Repeat the material below exactly, line for line.
────
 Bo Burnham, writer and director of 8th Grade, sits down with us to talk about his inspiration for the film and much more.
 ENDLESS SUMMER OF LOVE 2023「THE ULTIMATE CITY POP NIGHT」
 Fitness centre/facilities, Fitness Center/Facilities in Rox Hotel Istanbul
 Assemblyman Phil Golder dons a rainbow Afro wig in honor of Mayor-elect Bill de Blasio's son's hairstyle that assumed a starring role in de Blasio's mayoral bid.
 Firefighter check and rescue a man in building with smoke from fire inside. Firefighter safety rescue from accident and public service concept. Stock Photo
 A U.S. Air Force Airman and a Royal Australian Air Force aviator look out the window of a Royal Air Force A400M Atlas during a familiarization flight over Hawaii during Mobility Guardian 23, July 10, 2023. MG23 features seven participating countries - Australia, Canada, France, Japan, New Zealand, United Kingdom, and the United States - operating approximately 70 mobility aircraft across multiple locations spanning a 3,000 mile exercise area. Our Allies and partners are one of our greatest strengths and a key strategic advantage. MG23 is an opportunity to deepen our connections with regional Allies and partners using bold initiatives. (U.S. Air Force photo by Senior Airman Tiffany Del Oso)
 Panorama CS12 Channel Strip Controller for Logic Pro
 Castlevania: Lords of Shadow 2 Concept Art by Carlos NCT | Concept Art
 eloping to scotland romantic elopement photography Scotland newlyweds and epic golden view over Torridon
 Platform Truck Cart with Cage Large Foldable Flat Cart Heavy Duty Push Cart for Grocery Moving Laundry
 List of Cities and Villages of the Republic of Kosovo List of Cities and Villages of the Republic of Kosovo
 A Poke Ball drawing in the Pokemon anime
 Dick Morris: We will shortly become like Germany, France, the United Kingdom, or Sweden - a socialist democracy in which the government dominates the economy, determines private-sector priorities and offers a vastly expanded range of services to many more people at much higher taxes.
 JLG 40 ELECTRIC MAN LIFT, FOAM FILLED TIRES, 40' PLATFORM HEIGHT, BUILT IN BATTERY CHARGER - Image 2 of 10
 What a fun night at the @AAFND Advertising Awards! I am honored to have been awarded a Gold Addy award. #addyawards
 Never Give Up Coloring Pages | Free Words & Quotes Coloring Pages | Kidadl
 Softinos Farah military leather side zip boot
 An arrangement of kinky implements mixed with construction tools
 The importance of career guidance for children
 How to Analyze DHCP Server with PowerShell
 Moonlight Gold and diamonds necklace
────
| Task answer |
 Bo Burnham, writer and director of 8th Grade, sits down with us to talk about his inspiration for the film and much more.
 ENDLESS SUMMER OF LOVE 2023「THE ULTIMATE CITY POP NIGHT」
 Fitness centre/facilities, Fitness Center/Facilities in Rox Hotel Istanbul
 Assemblyman Phil Golder dons a rainbow Afro wig in honor of Mayor-elect Bill de Blasio's son's hairstyle that assumed a starring role in de Blasio's mayoral bid.
 Firefighter check and rescue a man in building with smoke from fire inside. Firefighter safety rescue from accident and public service concept. Stock Photo
 A U.S. Air Force Airman and a Royal Australian Air Force aviator look out the window of a Royal Air Force A400M Atlas during a familiarization flight over Hawaii during Mobility Guardian 23, July 10, 2023. MG23 features seven participating countries - Australia, Canada, France, Japan, New Zealand, United Kingdom, and the United States - operating approximately 70 mobility aircraft across multiple locations spanning a 3,000 mile exercise area. Our Allies and partners are one of our greatest strengths and a key strategic advantage. MG23 is an opportunity to deepen our connections with regional Allies and partners using bold initiatives. (U.S. Air Force photo by Senior Airman Tiffany Del Oso)
 Panorama CS12 Channel Strip Controller for Logic Pro
 Castlevania: Lords of Shadow 2 Concept Art by Carlos NCT | Concept Art
 eloping to scotland romantic elopement photography Scotland newlyweds and epic golden view over Torridon
 Platform Truck Cart with Cage Large Foldable Flat Cart Heavy Duty Push Cart for Grocery Moving Laundry
 List of Cities and Villages of the Republic of Kosovo List of Cities and Villages of the Republic of Kosovo
 A Poke Ball drawing in the Pokemon anime
 Dick Morris: We will shortly become like Germany, France, the United Kingdom, or Sweden - a socialist democracy in which the government dominates the economy, determines private-sector priorities and offers a vastly expanded range of services to many more people at much higher taxes.
 JLG 40 ELECTRIC MAN LIFT, FOAM FILLED TIRES, 40' PLATFORM HEIGHT, BUILT IN BATTERY CHARGER - Image 2 of 10
 What a fun night at the @AAFND Advertising Awards! I am honored to have been awarded a Gold Addy award. #addyawards
 Never Give Up Coloring Pages | Free Words & Quotes Coloring Pages | Kidadl
 Softinos Farah military leather side zip boot
 An arrangement of kinky implements mixed with construction tools
 The importance of career guidance for children
 How to Analyze DHCP Server with PowerShell
 Moonlight Gold and diamonds necklace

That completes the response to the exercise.